The 2004 Hart Memorial Trophy recipient isn’t the only established star currently in this type of situation, either. Vancouver Canucks centre Ryan Kesler has also reportedly asked to be traded for various reasons.

Seldom do trade requests go over well with fans, regardless of the player’s popularity. Retired stars like Eric Lindros and Patrick Roy were heavily criticized during their careers for the way they handled trade demands.

Lindros and Roy could at times be brash, but St. Louis is known as a stoic player who leads by example. If he remains steadfast in his request to be dealt to the Rangers, what message does that send to others around the league? Not a positive one.

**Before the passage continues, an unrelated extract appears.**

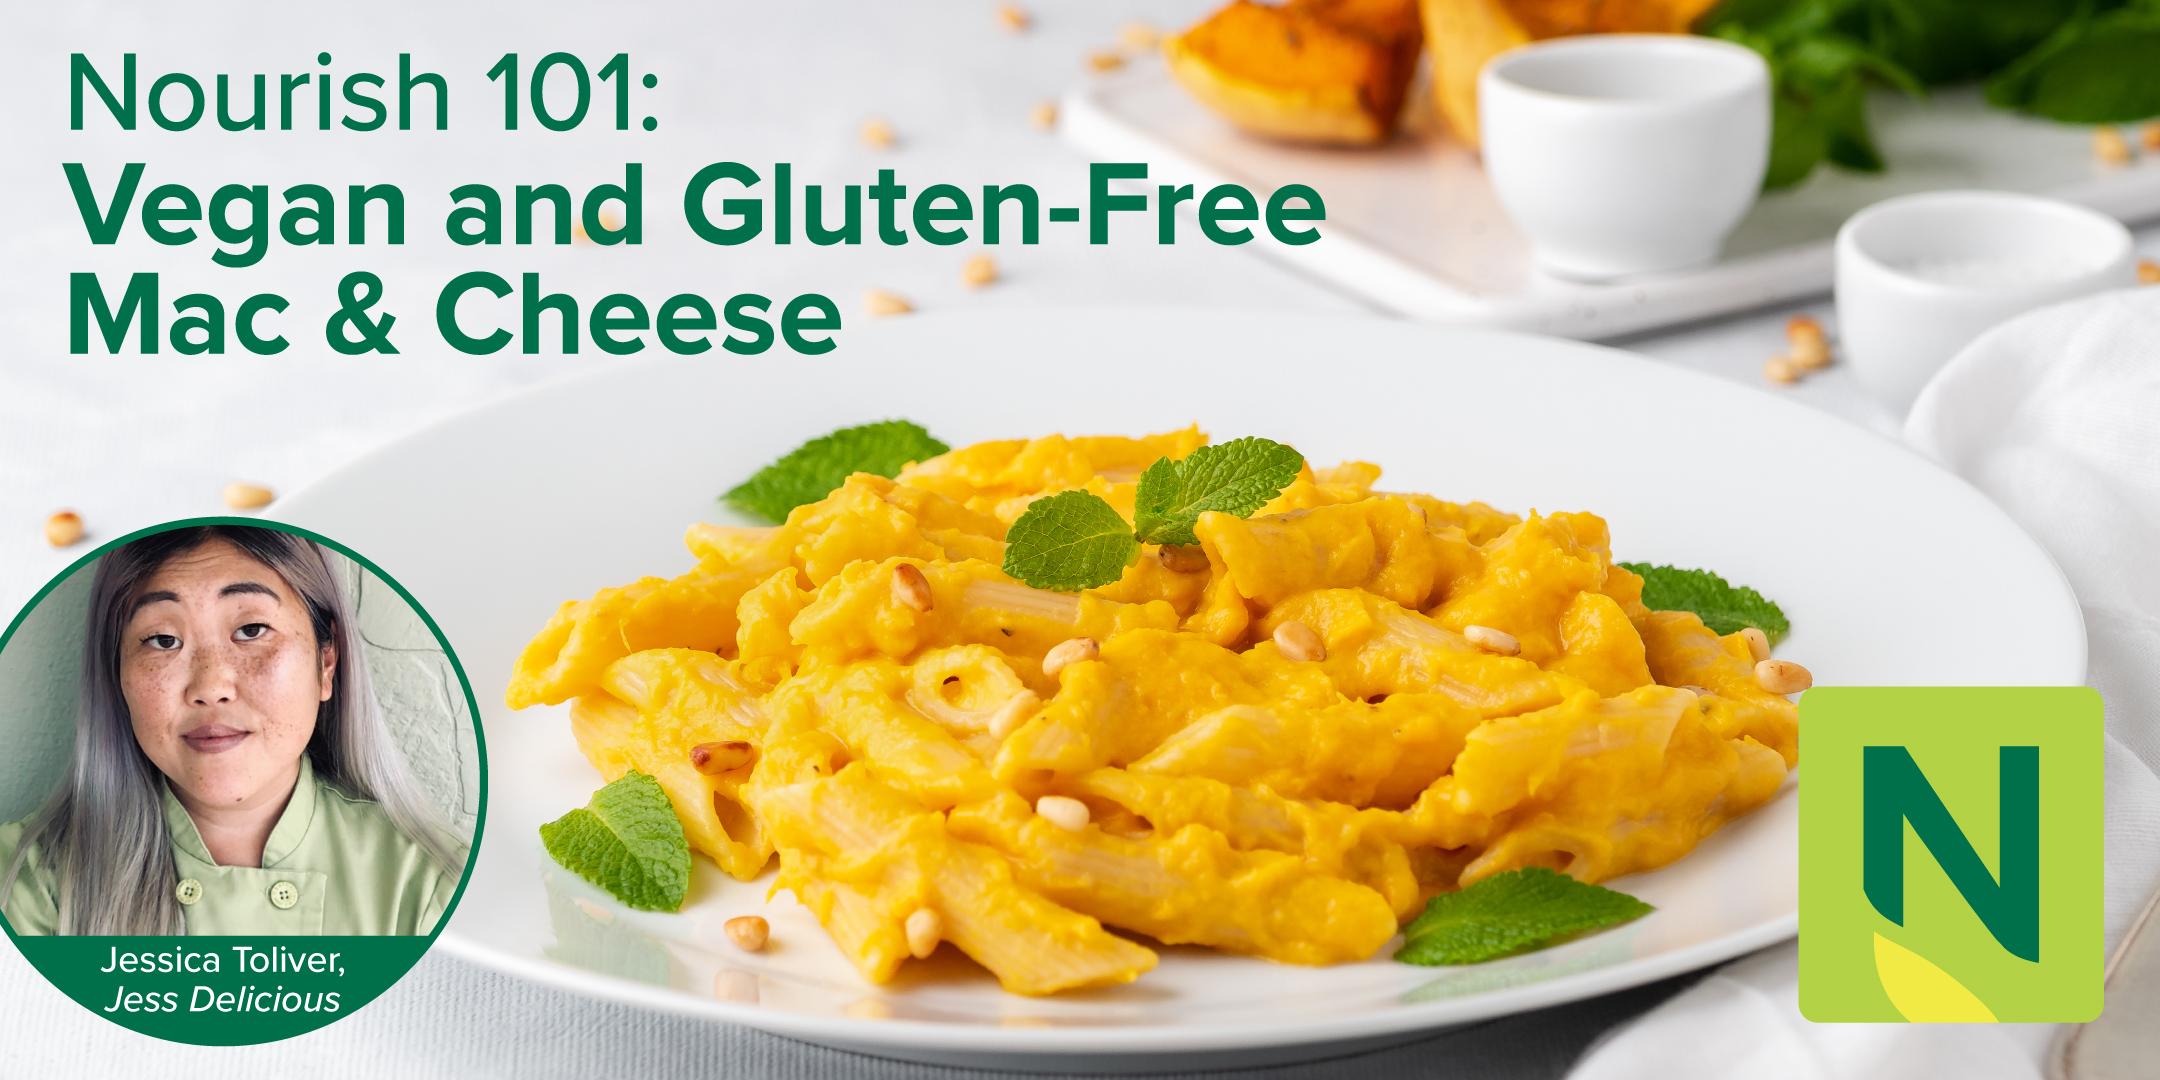 Nourish 101: Vegan and Gluten-Free Mac & Cheese

Players like St. Louis and Kesler have no-trade clauses and control their own fate, but when athletes who are paid millions of dollars ask for trades while under contract, it can tarnish their image fast.

From the day he was passed over in the NHL draft to when he was snubbed for Team Canada, St. Louis has been an underdog we can cheer for. That will change if he is wearing a Rangers sweater come March 5.

Here are some other high profile players from recent years who wanted out:

Dany Heatley – Heatley demanded a trade from the Ottawa Senators after the 2008-09 campaign despite signing a six-year contract extension the year prior. The Sens had a deal in place with the Edmonton Oilers, but Heatley refused to waive his no-trade clause to go there. He was eventually sent to the San Jose Sharks. Sens fans have never forgotten.

Chris Pronger – After a successful run to the Stanley Cup final with the Oilers in 2005-06, Pronger asked to be moved in the off-season. It was reported at the time that Pronger’s request was due to the fact his wife didn’t like living in the city. Pronger was dealt to Anaheim, where he’d go on to win the Stanley Cup in his first year with the Ducks.

Kyle Turris – In 2011 as a restricted free agent, Turris and the Phoenix Coyotes were unable to reach an agreement on a new contract. The youngster was a holdout at the start of the 2011-12 season, during which he asked for a trade. Turris and the Coyotes eventually agreed on a two-year deal. However, a month later he was traded to Ottawa, where he has played his best hockey as a pro.

Rick Nash – After spending the first nine seasons of his NHL career with the Columbus Blue Jackets, the 2002 first-overall pick offered to waive his no-trade clause to get a fresh start in a new city. Nash leaving the Blue Jackets was the worst kept secret in hockey in the summer of 2012.

Roberto Luongo – In what could be the most talked-about non-trade in NHL history, the Canucks netminder was on the block for about a full calendar after he asked for a trade following the 2011-12 season and his demotion to Cory Schneider’s backup. The possible destinations were narrowed down to a handful of teams, including the Toronto Maple Leafs and Florida Panthers, but in the end, the Canucks kept Luongo, electing to send Schneider to the New Jersey Devils instead.